Thanks for the reply Deeda. I think that sounds like a plan, with the spray bar and keeping one of my hobs. It's just very cluttered right now with all the intakes as you can imagine. I have a powerhead at one end of the tank, mostly to jeep the waste from settling on the sand which would help the water flow I'm sure right? I'm still trying to figure out a way to hide that now  any other suggestions on what route I could go in the filtration department? I'm open to all suggestions, I am fairly new to Africans so I'm just trying to learn what's best for my fish!


----------



## pablo111 (Dec 10, 2013)

What kind of HOBs are you running? You should definitely keep one running with the FX5. (There's an FX6 now btw. It's better. Just incase you haven't purchased yet.).


----------



## spotmonster (Nov 23, 2006)

I think you would be fine with the only the FX5 on a 125. But keeping a HOB won't hurt.

Definately go for 1 FX5 over 2 smaller units
.


----------



## skurj (Oct 30, 2011)

My thoughts..

Fx5 will be good, but add a hob filter for adding things like carbon (only when needed) or polishing floss. Hob is soo much easier to clean and service and the aquaclears you don't even need to shut em down to service. You don't have to run the hob full time if you find you don't need it, but nice to have handy.


----------



## mclaren880 (May 20, 2012)

I'd say go with another HOT as well. I had an fx5 with an emperor 400 and 200. Granted, I'm a little anal about clear water, but I felt I noticed a difference when I swapped in an ac110 in the 200. It could be in my head, and I also added a hydor koralia circulator at the same time so that could have something to do with it. Just my 2 cents. And yeah, an hob is So much easier to swap media and change filter floss.

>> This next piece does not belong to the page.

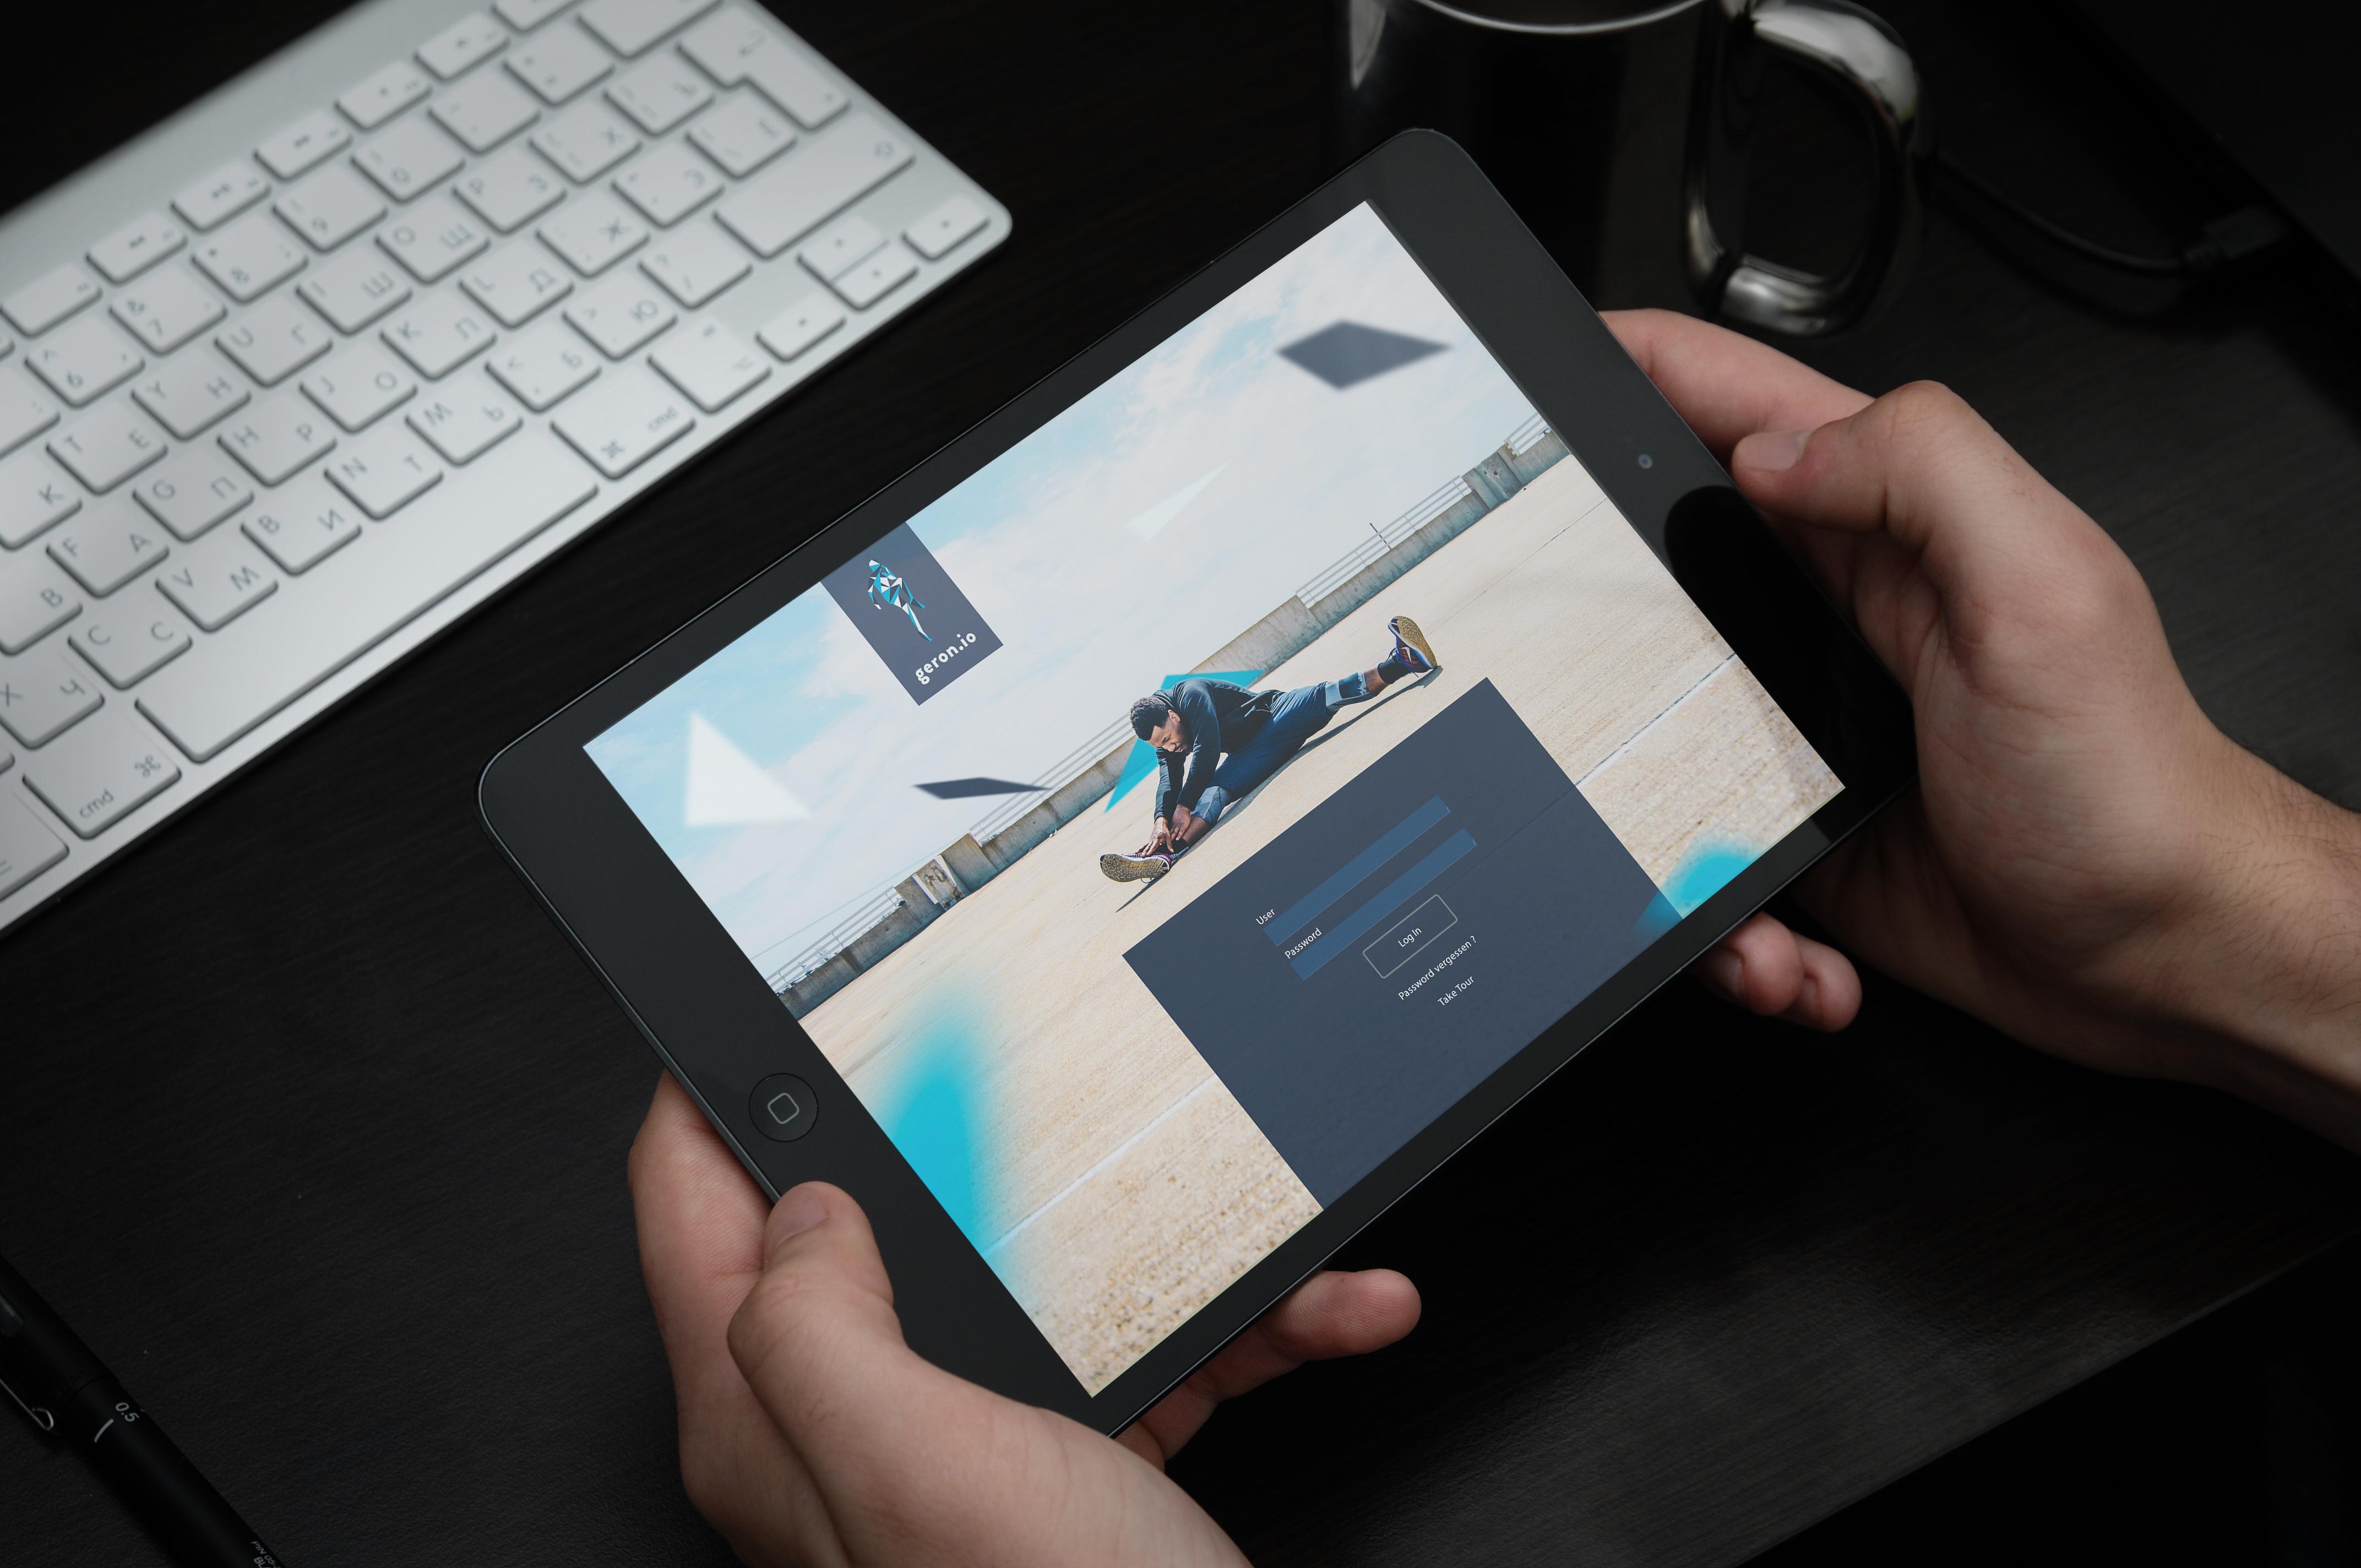 iPad in hands
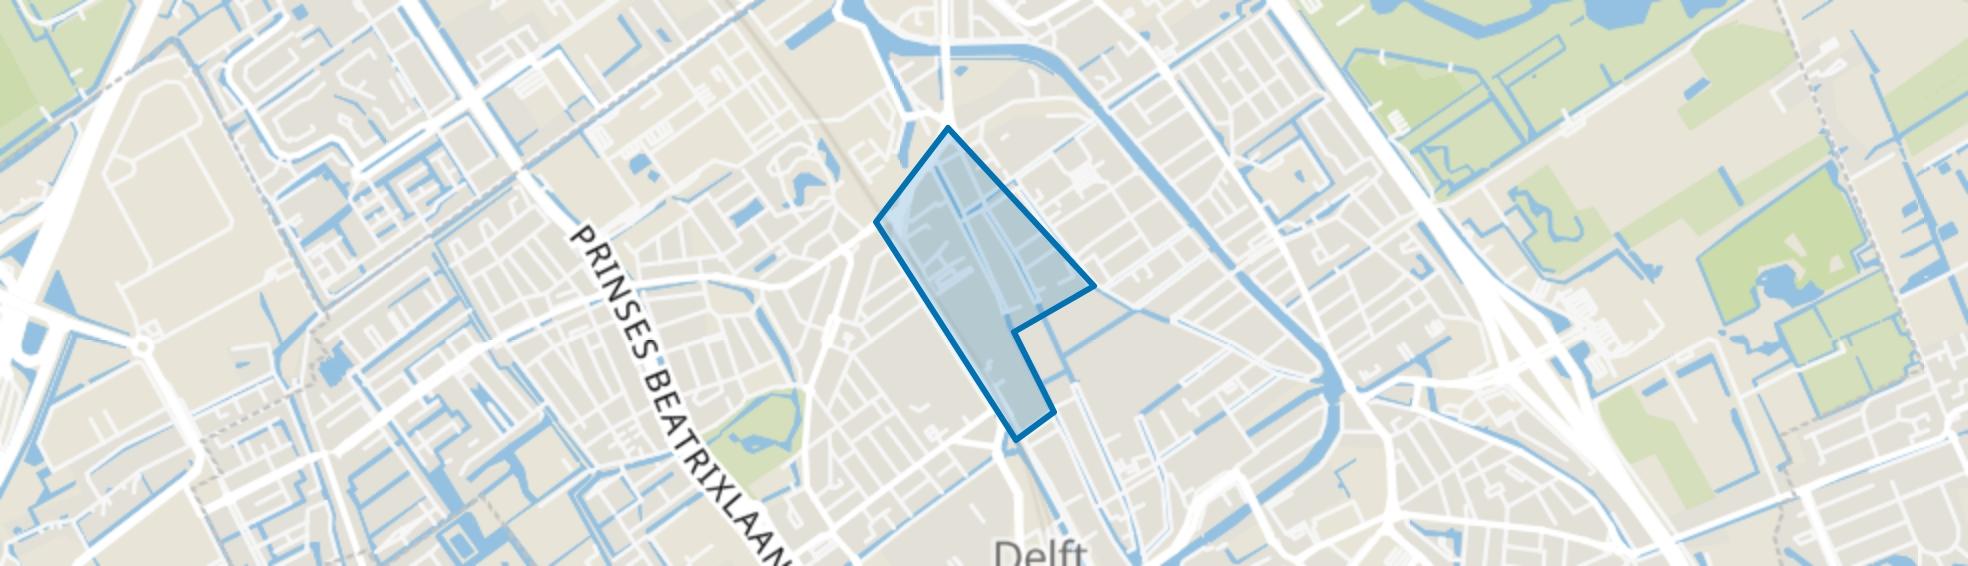 Centrum-West, Delft map

Also, having 2 filters is important, I think. Fx5s are awesome, we'll built filters, but as with all things, they do break on occasion. If (when) the fx5 needs a new part at some point down the line, you won't be scrambling.


----------



## mclaren880 (May 20, 2012)

Sorry that last one was written from my phone and is riddled with errors. I meant use an HOB along with the fx5. I do no filter floss in the fx5 song dot have to take it apart every week or 2 and just change out the floss is the HOB frequently.


----------



## Kalost (Feb 27, 2013)

i think both your posts are riddled with errors.


----------



## mclaren880 (May 20, 2012)

Yes, they are. Song dot = so I do not. I should probably stop posting from my phone it seems.


----------



## Kalost (Feb 27, 2013)

or jsut turn off auto prediction text in your options or whatever is causing that.


----------